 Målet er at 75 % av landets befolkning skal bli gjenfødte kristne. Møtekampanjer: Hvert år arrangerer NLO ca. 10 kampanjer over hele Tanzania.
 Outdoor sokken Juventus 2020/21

---

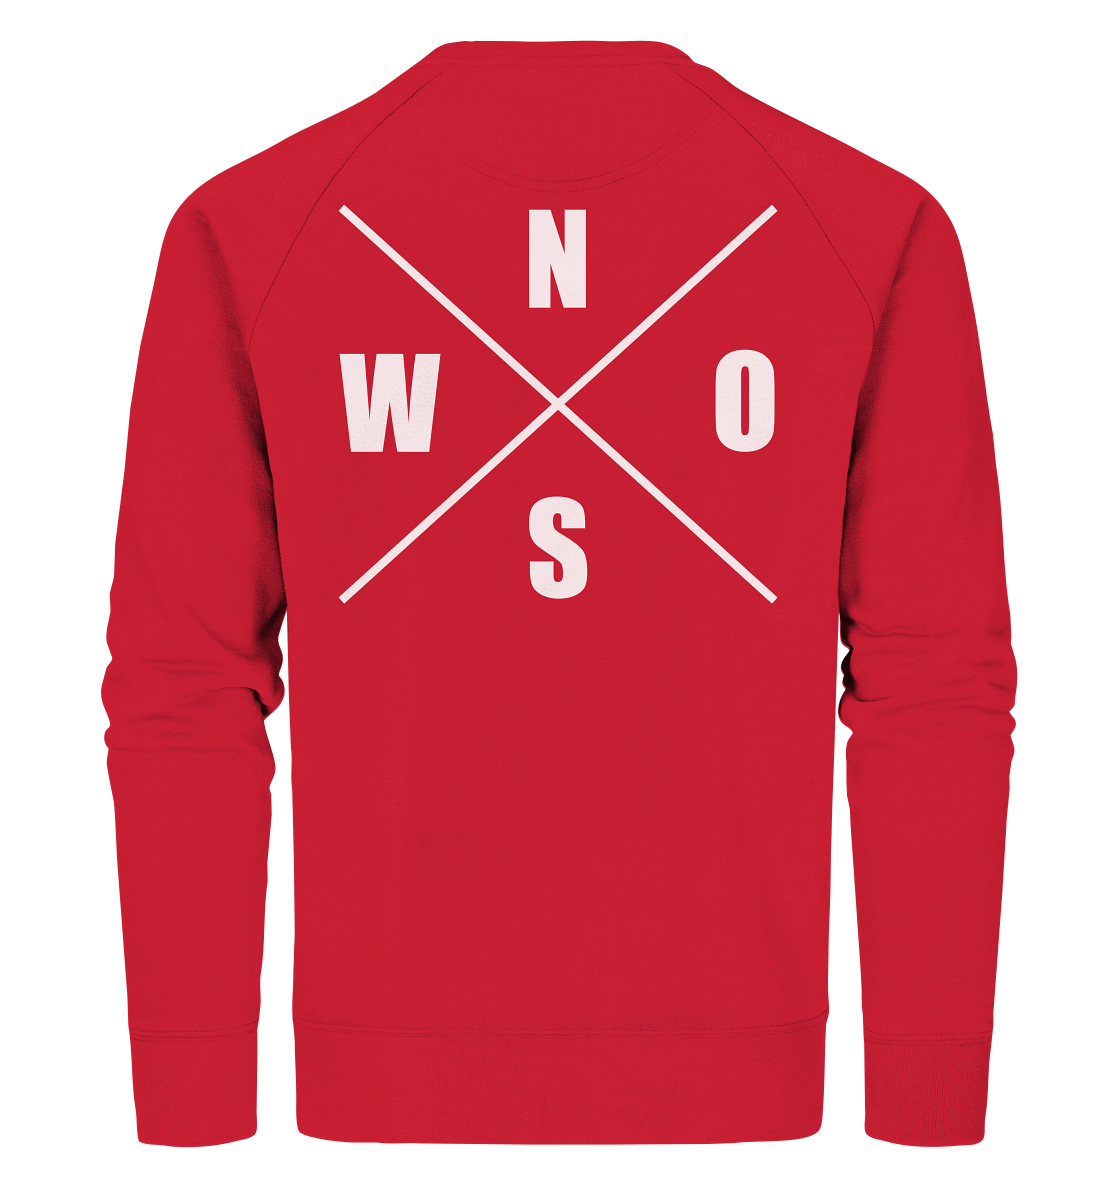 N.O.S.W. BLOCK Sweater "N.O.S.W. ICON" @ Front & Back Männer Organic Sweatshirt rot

**TO DO:** From the entries above, extract only the lines running from the one containing "Målet er at" through the one containing "Outdoor sokken Juventus 2020/21", inclusive.

**RESULT OF THIS EXERCISE:**
 Målet er at 75 % av landets befolkning skal bli gjenfødte kristne. Møtekampanjer: Hvert år arrangerer NLO ca. 10 kampanjer over hele Tanzania.
 Outdoor sokken Juventus 2020/21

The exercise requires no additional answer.